- Movie poster
- Directed by: Ringo Le
- Written by: Ringo Le
- Produced by: Marisa Thu Le; Ringo Le; Quentin Lee; Nicholas Brendon; Edward Gunawan; Jonathan Lisecki;
- Starring: Jonathan Lisecki Nicholas Brendon
- Cinematography: Len Borruso
- Edited by: Augie Robles
- Music by: Steven Pranoto
- Production companies: Margin Films Add Word Productions
- Distributed by: TLA Releasing
- Release dates: 22 June 2013 (Frameline Film Festival); 23 May 2014 (USA);
- Running time: 85 minutes
- Country: United States
- Language: English

= Big Gay Love =

Big Gay Love is a 2013 American comedy film written and directed by Ringo Le and produced by Quentin Lee and Marisa Le. The story centers on Bob (Jonathan Lisecki), an overweight gay man who overcomes discrimination and insecurity based on his looks to find love in the form of a chef named Andy (Nicholas Brendon).

The film was funded through Kickstarter and reached its goal on 23 March 2013.

==Cast==
- Jonathan Lisecki as Bob
- Nicholas Brendon as Andy
- Ann Walker as Betty
- Ethan Le Phong as Chase (as Phong Truong)
- Todd Stroik as Aidan
- Ken Takemoto as Mr. Tran
- Drew Droege as Dan#1
- Amy Hill as Dr.

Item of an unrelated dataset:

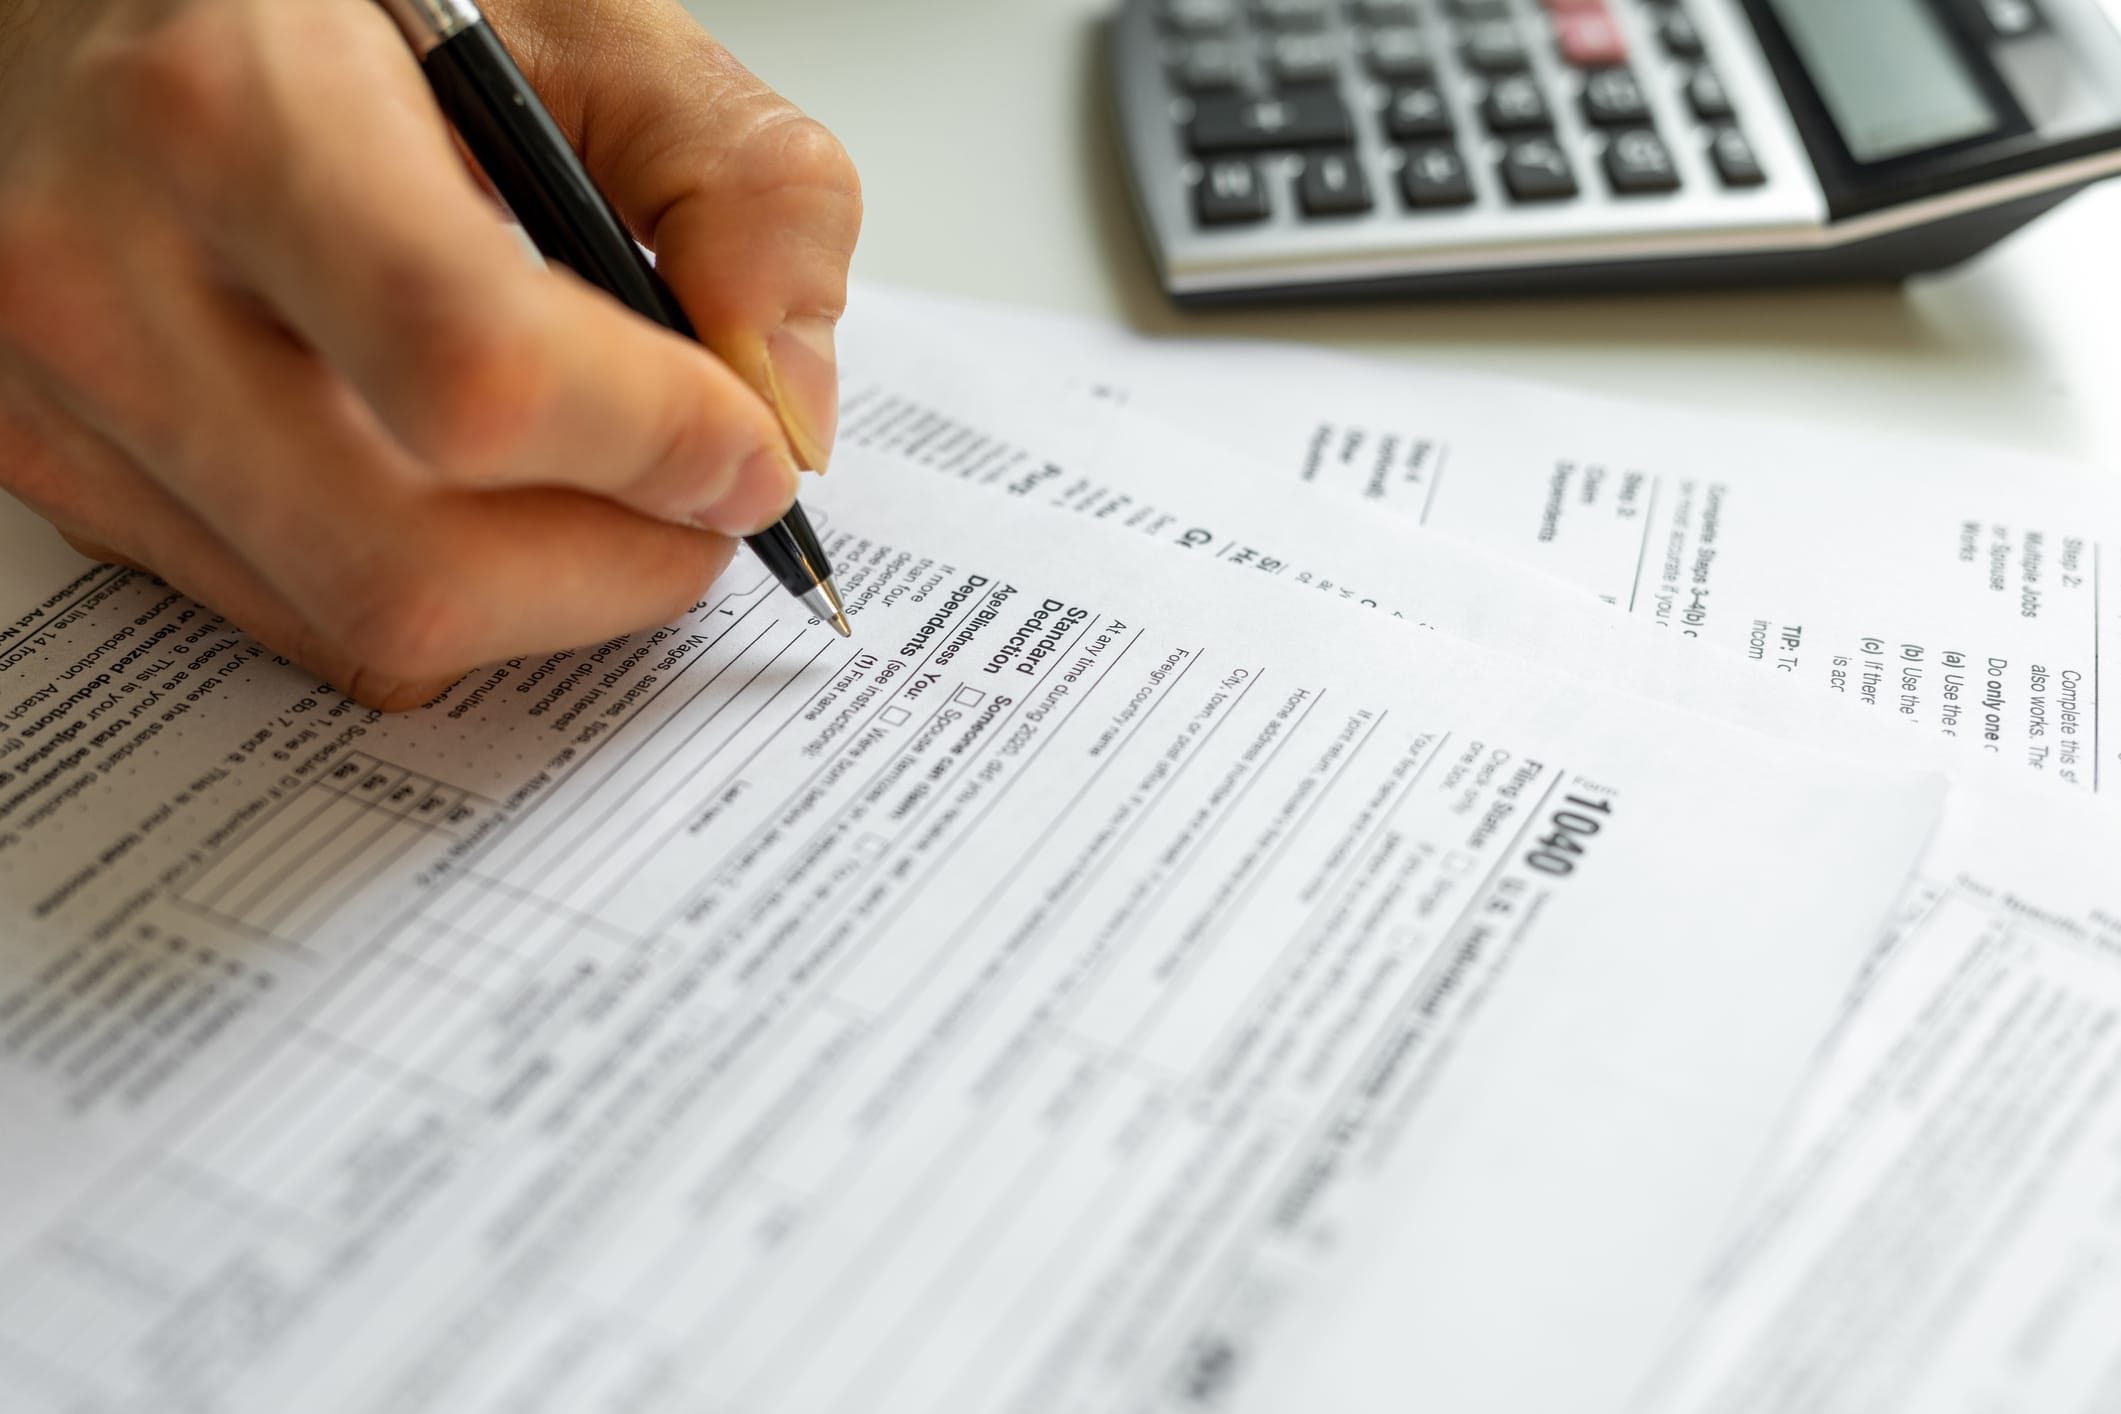 Pengembalian pajak 2020 dapat diatribusikan ke IRS pada Mampu hanya 17. Di bawah ini ialah beberapa petunjuk pengiriman menit terakhir thumbnail

Barrenbottom
- Jason Stuart as Dan#2
- Karina Bonnefil as Billy Gene
- Jeffrey Damnit as Rambo
- Harvey Guillén as Brian
- Ina-Alice Kopp as Lana
- Jesse James Rice as Tag
- Reed Schiff as jazz pianist

==Reception==
Big Gay Love premiered at the Frameline Film Festival and then screened at Outfest, Philadelphia QFest, and the Palm Springs Cinema Diverse Film Festival where it was named Festival Favourite Film.

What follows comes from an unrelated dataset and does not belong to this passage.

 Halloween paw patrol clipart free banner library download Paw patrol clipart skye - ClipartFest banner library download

David Lewis of the San Francisco Chronicle praised Lisecki's performance, calling it "an emotionally naked performance"'.

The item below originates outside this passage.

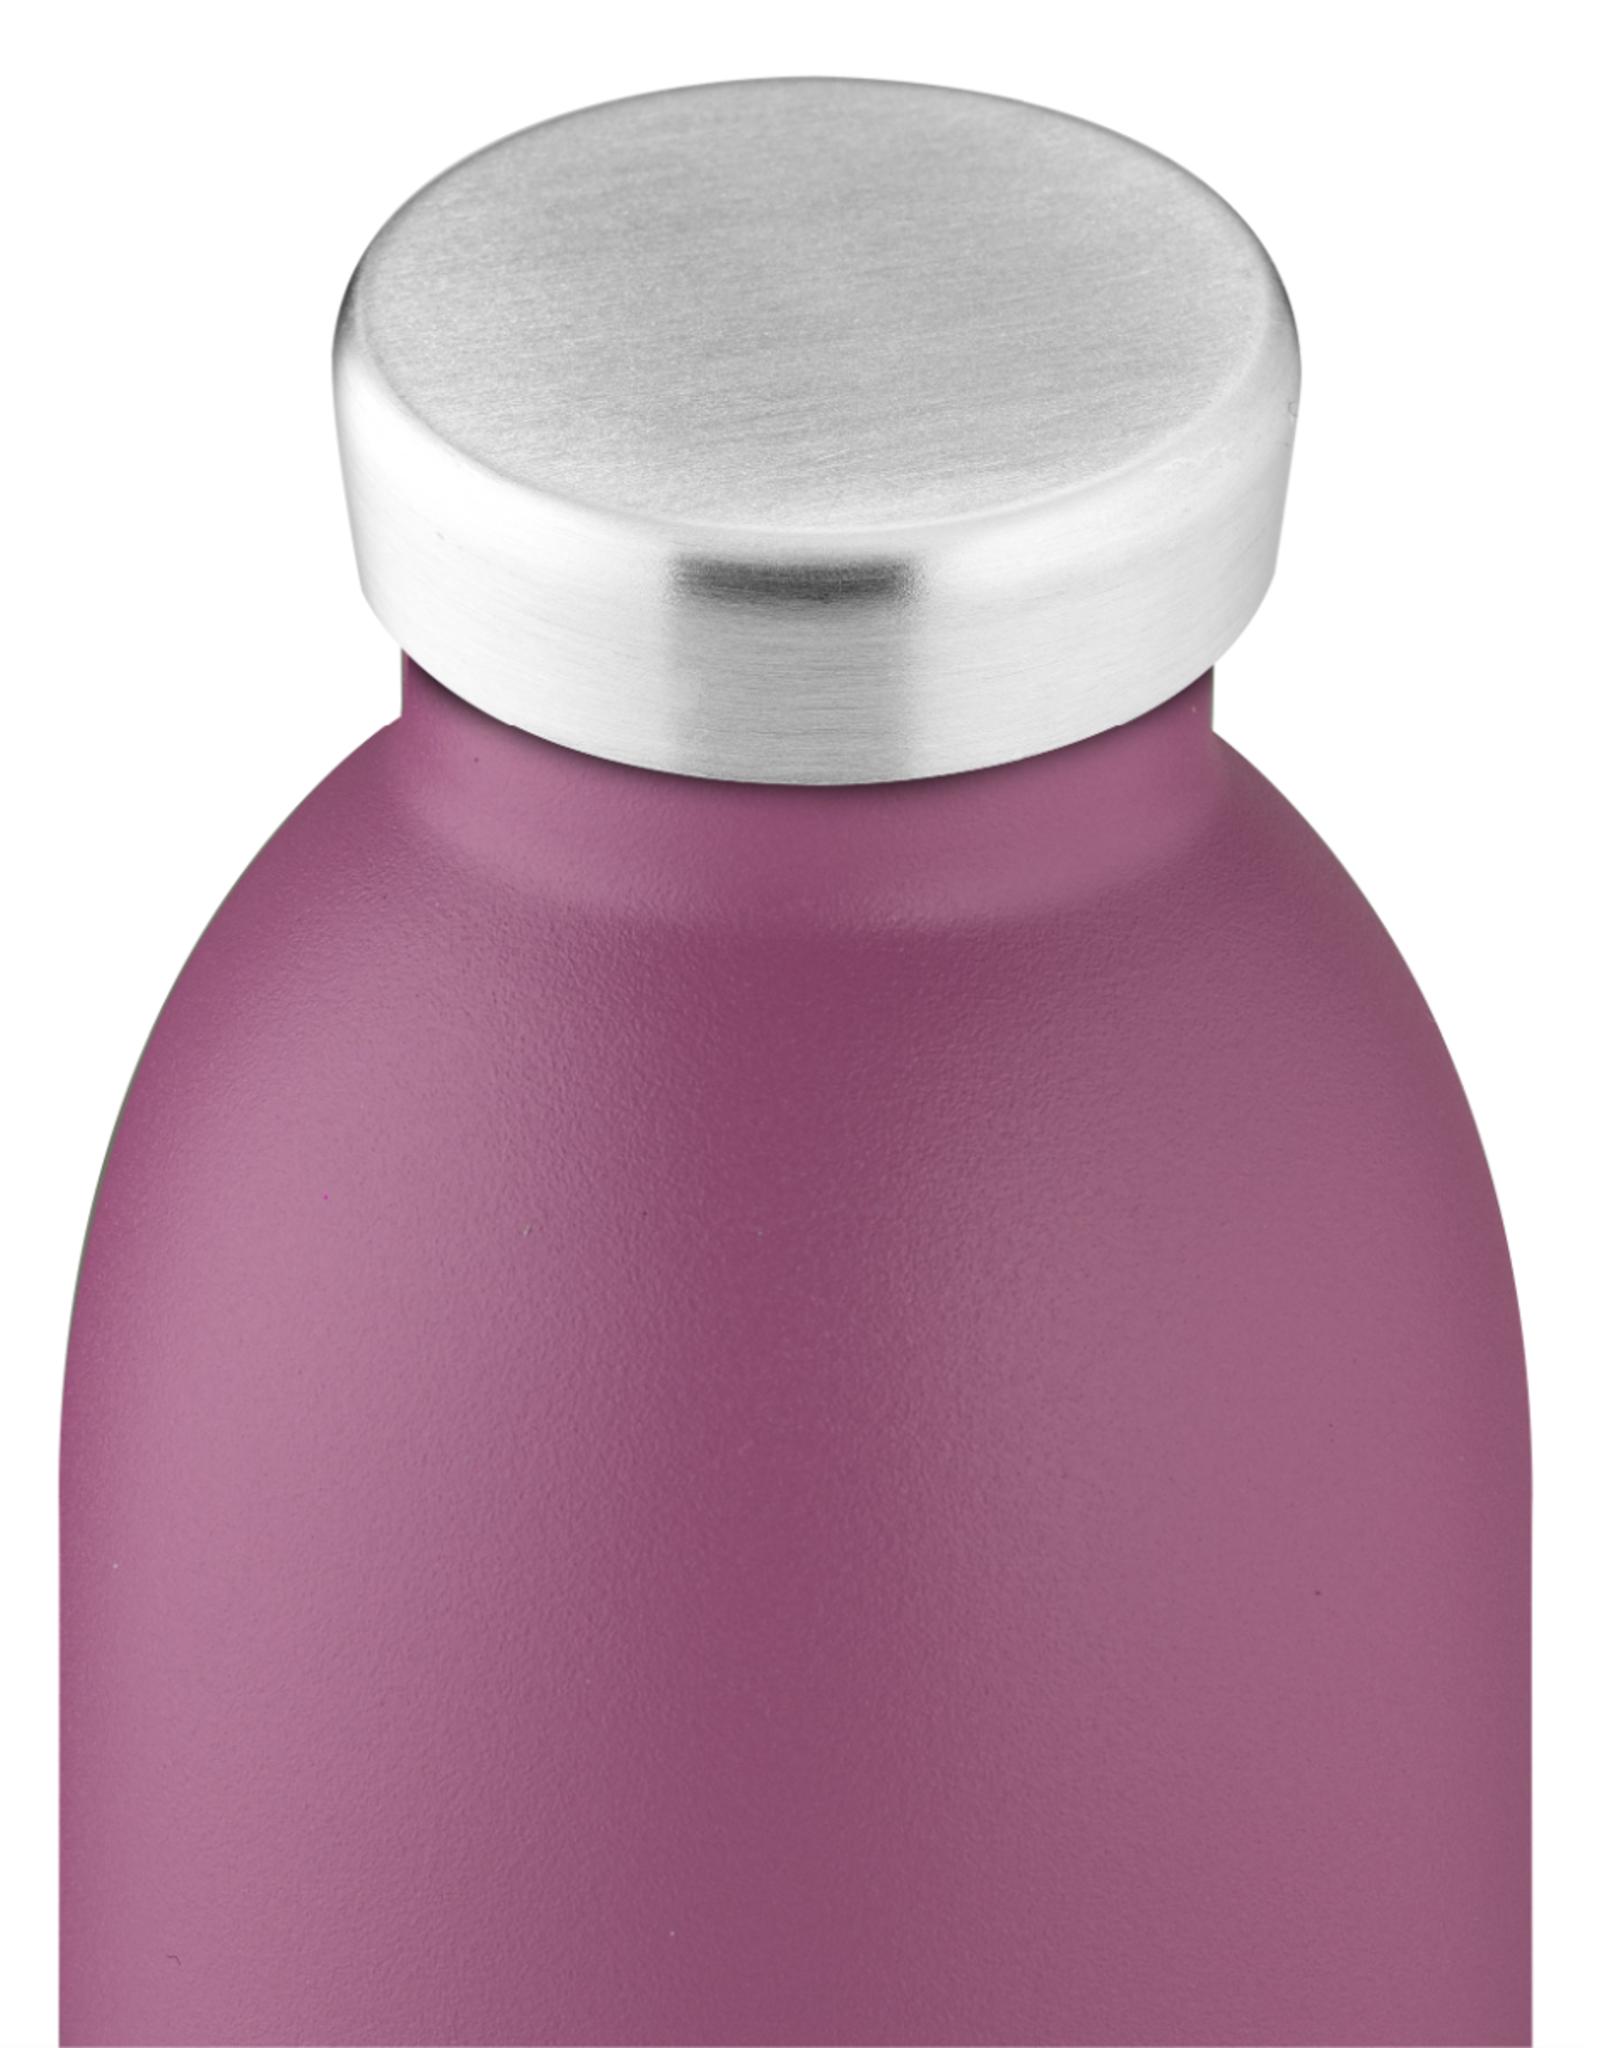 24 bottles Clima bottle - Mauve 500 ml

Gary Goldstein of the Los Angeles Times considered: "There’s a sweet, funny, universal story hiding in the corners of the discombobulated comedy 'Big Gay Love'. Writer-director Ringo Le seems aware of his thematic intentions, but he's fuzzy on how to execute them. The result is a thin, wanly structured film that, after an OK start, stumbles about, filling time until its foregone conclusion."